Exception-Safe Class Design, Part 1: Copy Assignment 
Difficulty: 7 / 10

Is it possible to make any C++ class strongly exception-safe, for example for its copy assignment operator? If so, how? What are the issues and consequences?

Problem

JG Questions

1. What are the three common levels of exception safety? Briefly explain each one and why it is important.

2. What is the canonical form of strongly exception-safe copy assignment?

Guru Questions

3. Consider the following class:

    //  Example 3: The Cargill Widget Example
    //
    class Widget
    {
      // ...
    private:
      T1 t1_;
      T2 t2_;
    };

Assume that any T1 or T2 operation might throw. Without changing the structure of the class, is it possible to write a strongly exception-safe Widget::operator=( const Widget& )? Why or why not? Draw conclusions.

4. Describe and demonstrate a simple transformation that works on any class in order to make strongly exception-safe copy assignment possible and easy for that class. Where have we seen this transformation technique before in other contexts? Cite GotW issue number(s).

Solution

Review: Exception Safety Canonical Forms

1. What are the three common levels of exception safety? Briefly explain each one and why it is important.

The canonical Abrahams Guarantees are as follows.

1. Basic Guarantee: If an exception is thrown, no resources are leaked, and objects remain in a destructible and usable -- but not necessarily predictable -- state. This is the weakest usable level of exception safety, and is appropriate where client code can cope with failed operations that have already made changes to objects' state.

2. Strong Guarantee: If an exception is thrown, program state remains unchanged. This level always implies global commit-or-rollback semantics, including that no references or iterators into a container be invalidated if an operation fails.

In addition, certain functions must provide an even stricter guarantee in order to make the above exception safety levels possible:

3. Nothrow Guarantee: The function will not emit an exception under any circumstances. It turns out that it is sometimes impossible to implement the strong or even the basic guarantee unless certain functions are guaranteed not to throw (e.g., destructors, deallocation functions). As we will see below, an important feature of the standard auto_ptr is that no auto_ptr operation will throw.

2. What is the canonical form of strongly exception-safe copy assignment?

It involves two steps: First, provide a nonthrowing Swap() function that swaps the guts (state) of two objects:

  void T::Swap( T& other ) throw()
  {
    // ...swap the guts of *this and other...
  }

Second, implement operator=() using the "create a temporary and swap" idiom:

  T& T::operator=( const T& other )
  {
    T temp( other ); // do all the work off to the side
    Swap( temp );    // then "commit" the work using
    return *this;    //  nonthrowing operations only
  }

The Cargill Widget Example

This brings us to the Guru questions, starting with a new exception safety challenge proposed by Tom Cargill:

3. Consider the following class:

    //  Example 3: The Cargill Widget Example
    //
    class Widget
    {
      // ...
    private:
      T1 t1_;
      T2 t2_;
    };

Assume that any T1 or T2 operation might throw. Without changing the structure of the class, is it possible to write a strongly exception-safe Widget::operator=( const Widget& )? Why or why not? Draw conclusions.

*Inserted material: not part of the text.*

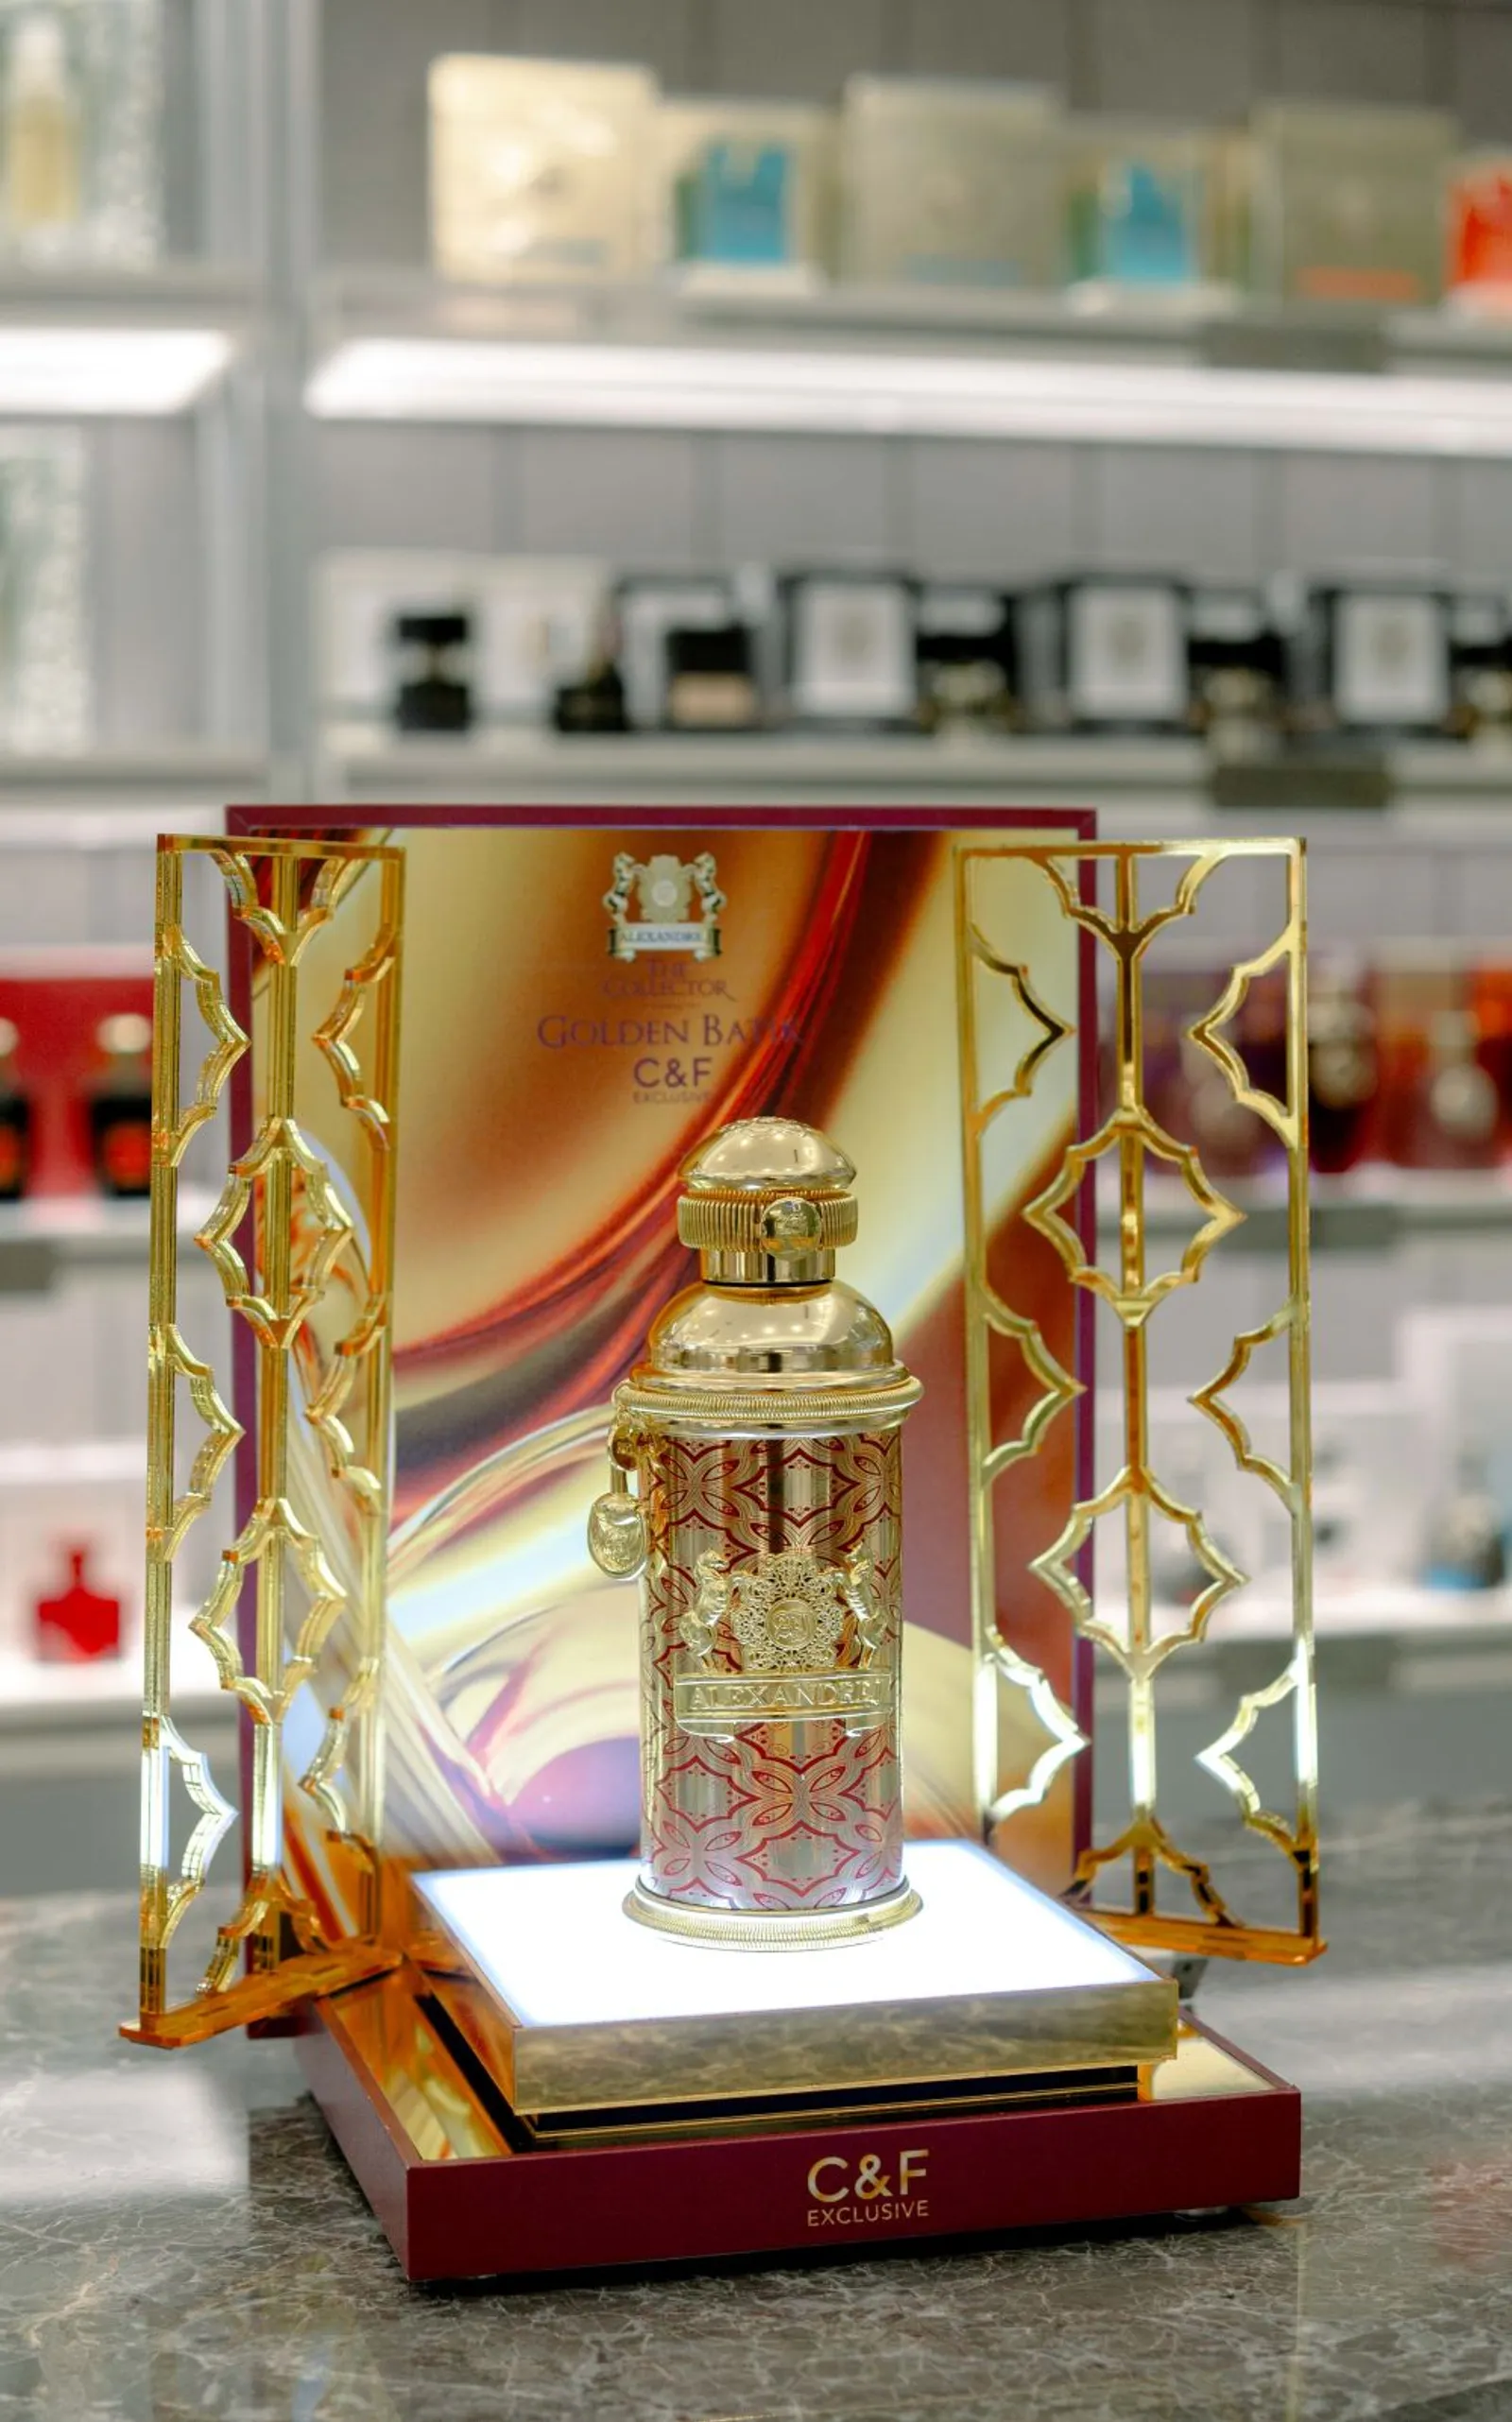 Golden Batik, Parfum Kolaborasi C&F dan Alexandre J

Short answer: In general, no, it can't be done without changing the structure of Widget.

In the Example 3 case, it's not possible to write a strongly exception-safe Widget::operator=() because there's no way that we can change the state of both of the t1_ and t2_ members atomically. Say that we attempt to change t1_, then attempt to change t2_. The problem is twofold:

1. If the attempt to change t1_ throws, t1_ must be unchanged. That is, to make Widget::operator=() strongly exception-safe relies fundamentally on the exception safety guarantees provided by T1, namely that T1::operator=() (or whatever mutating function we are using) either succeeds or does not change its target. This comes close to requiring the strong guarantee of T1::operator=(). (The same reasoning applies to T2::operator=().)

2. If the attempt to change t1_ succeeds, but the attempt to change t2_ throws, we've entered a "halfway" state and cannot in general roll back the change already made to t1_.

Therefore, the way Widget is currently structured, its operator=() cannot be made strongly exception-safe.

Note also that Cargill's Widget Example isn't all that different from the following simpler case:

  class Widget2  
  {              
    // ...       
  private:       
    T1 t1_;      
  };             

In the above code, problem #1 above still exists. If T1::operator=() can throw in such a way that it has already started to modify the target, there is no way to write a strongly exception-safe Widget2::operator=() unless T1 provides suitable facilities through some other function (but if T1 can do that, why doesn't it for T1::operator=()?).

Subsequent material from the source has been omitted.